Gillian Woollett, MA, DPhil: Operationally, there are still some significant challenges. Julie, can you address how this impacts the prospects? The prospects for biosimilars commercially in the United States.

Juliana Reed: I will address the misinformation. I think that’s really important because yes, thank you for stating that the physicians don’t require interchangeability.

And what we’re seeing impacting the marketplace is that we have seen payers, and purchasers, and some stakeholders say that they don’t want the biosimilar. They cannot cover the biosimilar or provide access to the biosimilar until it is interchangeable. And that misinformation is another piece the FDA needs to clarify.

As of today, there are 7 biosimilars in the marketplace in the United States. None of them are interchangeable. We don’t have the interchangeable guidance yet to develop an interchangeable biosimilar. Yet, prescribers can prescribe biosimilars, and they should be. Payers and insurers can provide access to biosimilars and cover them without the biosimilar being interchangeable.
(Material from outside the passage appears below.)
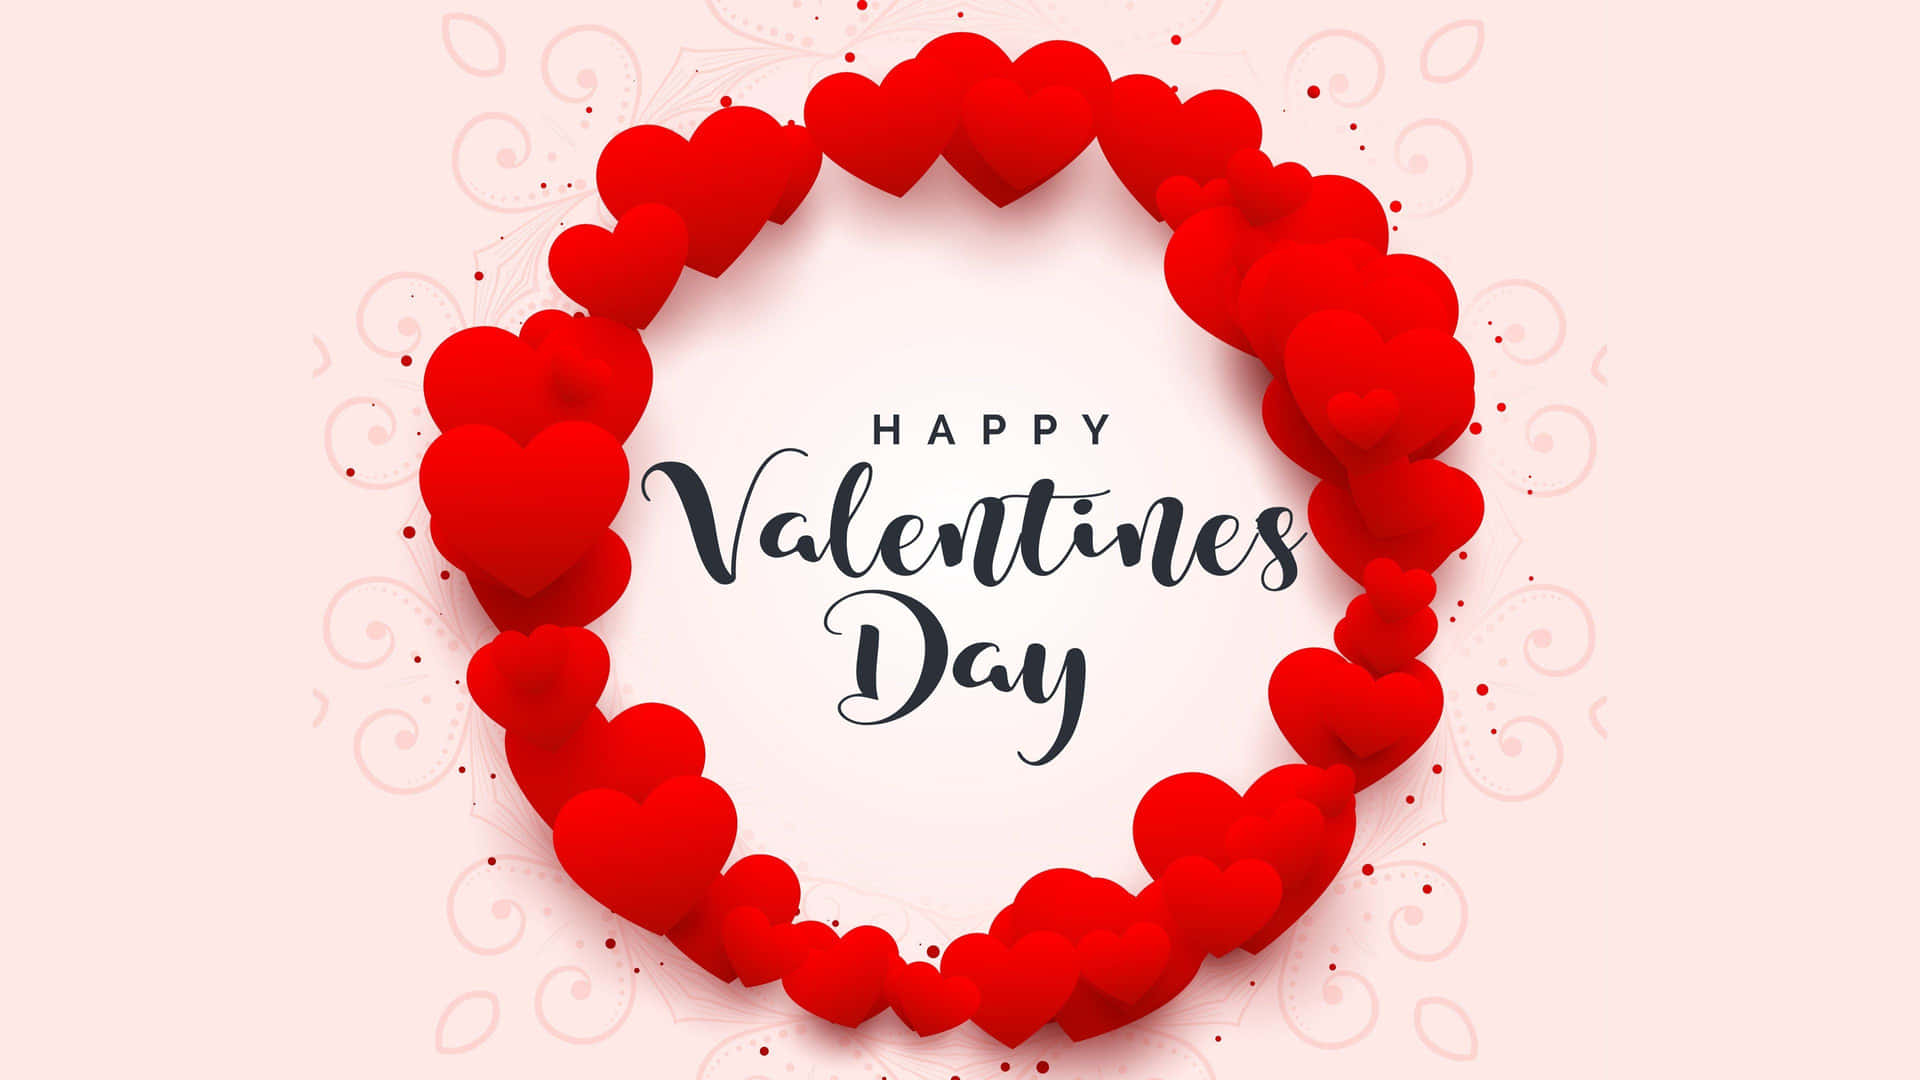 !Vis din kærlighed denne Valentinsdag! Wallpaper

If folks are waiting for interchangeability before they cover or prescribe a biosimilar, we’re going to continue to see low market uptake. So that’s a key piece to correct that misinformation. We need these stakeholders, these insurers, the physician to prescribe these products.

Carlos Sattler, MD: And I think part of the misinformation or misunderstanding is that somehow there is a belief that an interchangeable biosimilar is a better or higher quality biosimilar than a non-interchangeable biosimilar. Somehow, it’s a better product. When, in fact, a designation of interchangeability relies not on a better product but on additional data and additional analyses. It’s the same product. We’ve heard that some stakeholders are waiting, whether physicians or others, for an interchangeable product because they believe it’s just a better biologic, and that is not true. And I think that’s part of the misconception, misperception, misinformation.

Juliana Reed: We need to limit interchangeability to what it is. It’s a pharmacy substitution enabler.

Gillian Woollett, MA, DPhil: Yes.

Juliana Reed: So that a pharmacist can interchange and substitute without calling a physician.

Gillian Woollett, MA, DPhil: Even though in the United States it’s a unique additional opportunity, it’s now being used to prejudice the mere biosimilar that in Europe they don’t have the designation at all.